In progressive editing scenarios, CharGen maintains input fidelity by adjusting slider parameters, whereas IP2P and Gemini accumulate artifacts due to repeated image processing.
Figure 6: Progressive edits. CharGen enables fluent, artifact-free modifications, unlike IP2P and Gemini, which degrade with sequential edits.
Quantitative Analysis
CharGen achieves a $2$–4× speedup over Gemini and IP2P, with edit times as low as $0.53$–$2.55$ seconds depending on the number of active sliders. CLIP Image Similarity scores indicate that CharGen and Gemini both preserve structural and identity fidelity ($0.85$–$0.90$), outperforming IP2P, which exhibits higher variance.
Figure 7: CLIP Image Similarity across four attributes. CharGen and Gemini maintain high structural fidelity to the input.
For the Repair Step, the Repair Slider achieves the best PSNR and SSIM, while standard Stable Diffusion yields the lowest LPIPS. ControlNet, despite producing detailed outputs, introduces significant structural deviations.
User Study
A user study with 35 participants confirms CharGen's superiority for multi-attribute editing, with 76% preference over Gemini and IP2P. For single-attribute edits, Gemini is preferred for strong transformations, but CharGen is favored for subtle, identity-preserving modifications. In refinement, users prefer the Repair Slider for balancing detail and fidelity, while ControlNet is penalized for structural inconsistency.
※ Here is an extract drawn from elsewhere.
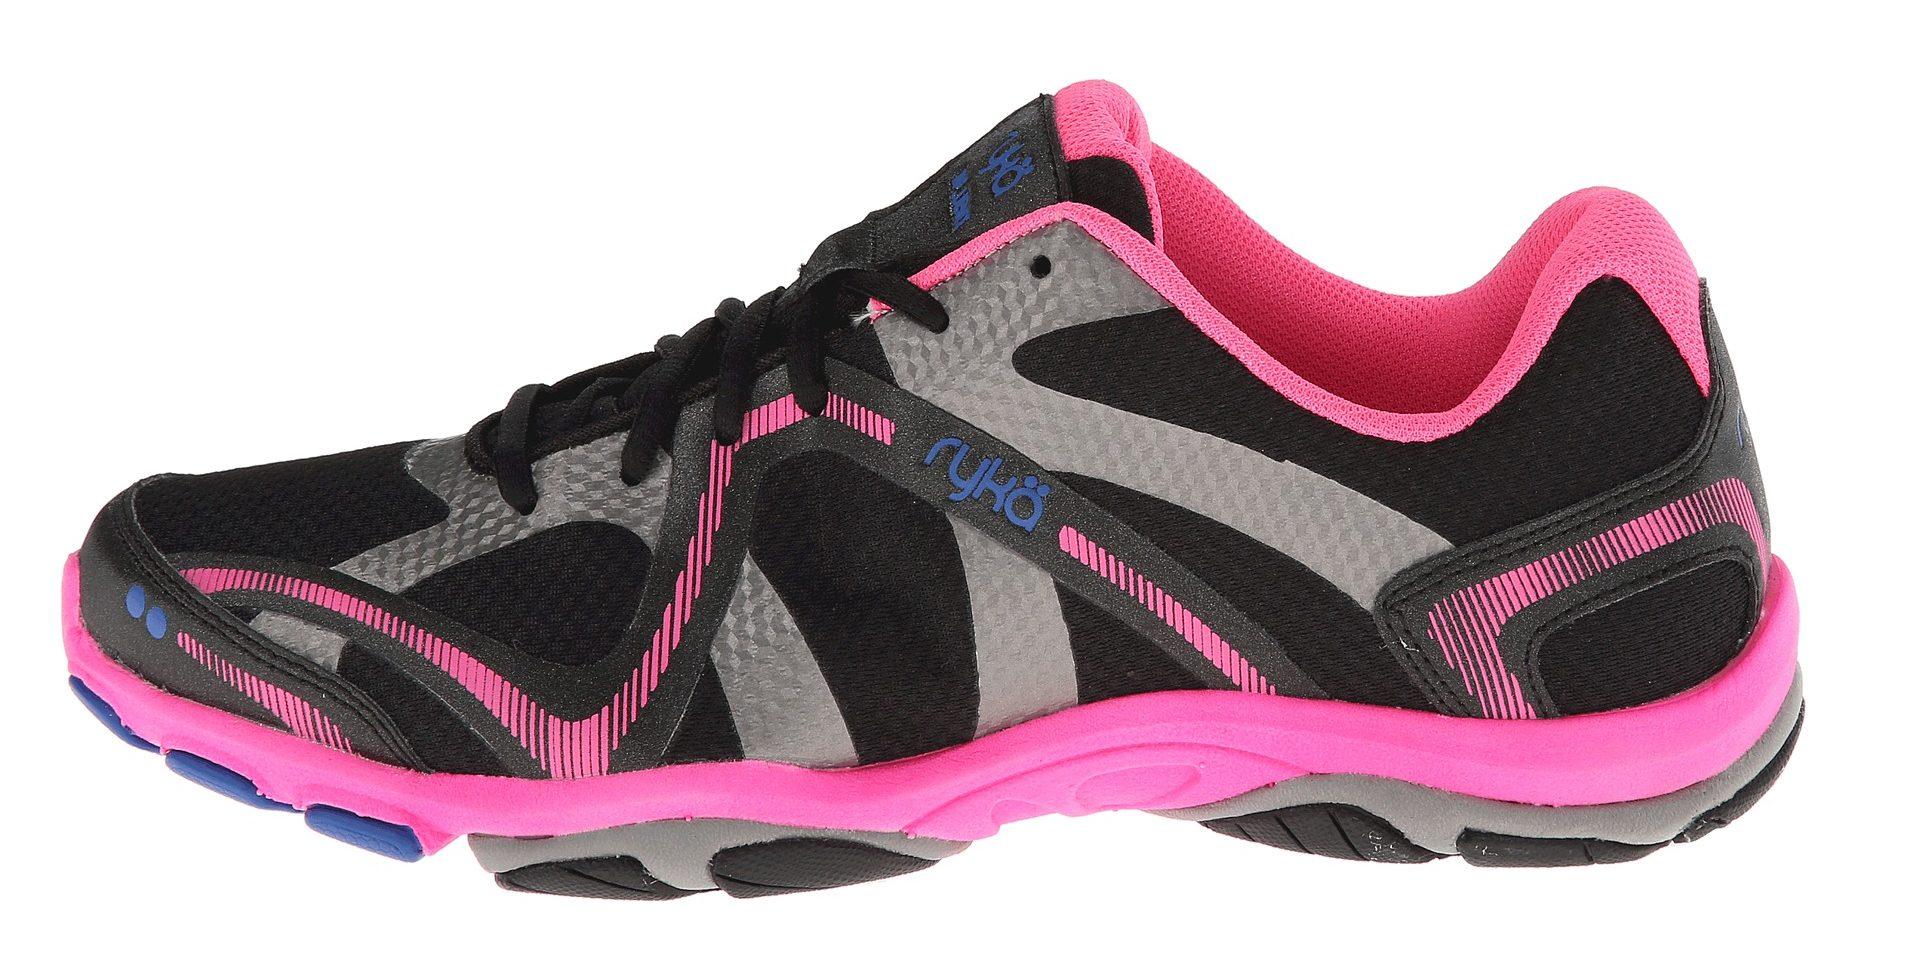 Как выбрать кроссовки для фитнеса, кроссфита и силовой тренировки ... 2f02e12f3af
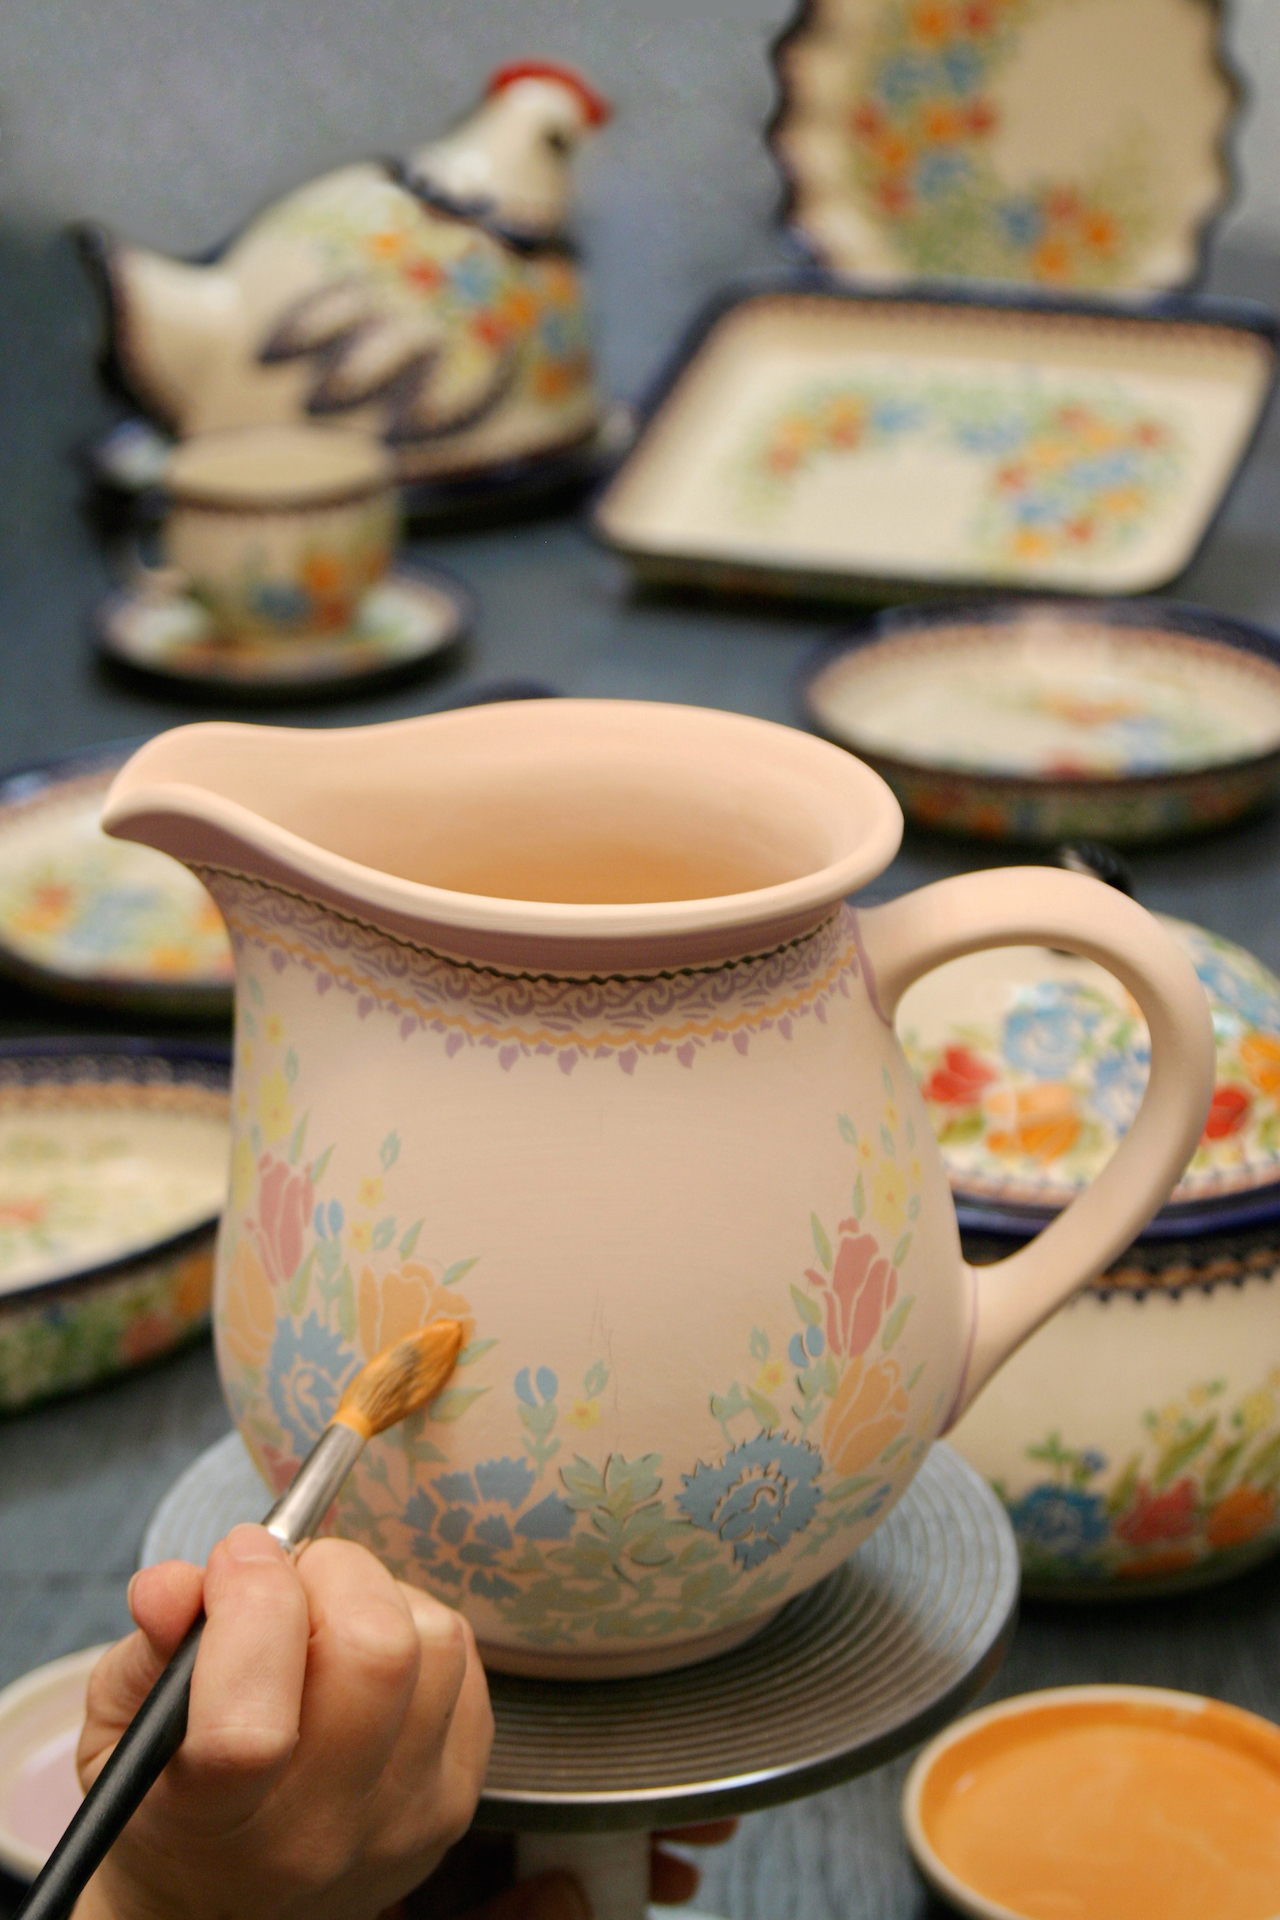 ボレスワヴィエツ クリーム色の陶器

Limitations and Future Directions
CharGen's reliance on independently trained Concept Sliders can lead to attribute interference (e.g., age and lip size), especially for correlated anatomical features. The system is less effective for extreme transformations (e.g., dramatic aging) due to the limited range of training pairs. Additionally, the approach may inherit demographic biases from the underlying datasets, and its capabilities raise ethical concerns regarding potential misuse for deepfakes or deceptive content.
Future research should focus on joint optimization of Concept Sliders to mitigate attribute entanglement, improved training for discrete or rare attributes, and more advanced LoRA integration strategies for enhanced detail synthesis. Extending the methodology to broader image domains and developing bias mitigation techniques are also important directions.
Conclusion
CharGen demonstrates that interactive, fine-grained, and multi-attribute portrait editing is achievable by combining attribute-specific Concept Sliders with an accelerated diffusion pipeline and a dedicated Repair Step. The system delivers significant improvements in edit speed, control, and visual fidelity over existing methods, particularly for iterative and multi-attribute workflows. While limitations remain in handling extreme edits and attribute interactions, CharGen establishes a robust foundation for controllable, high-fidelity generative editing in professional and creative applications. Responsible deployment and further research into bias and misuse mitigation are essential as such systems become more widely adopted.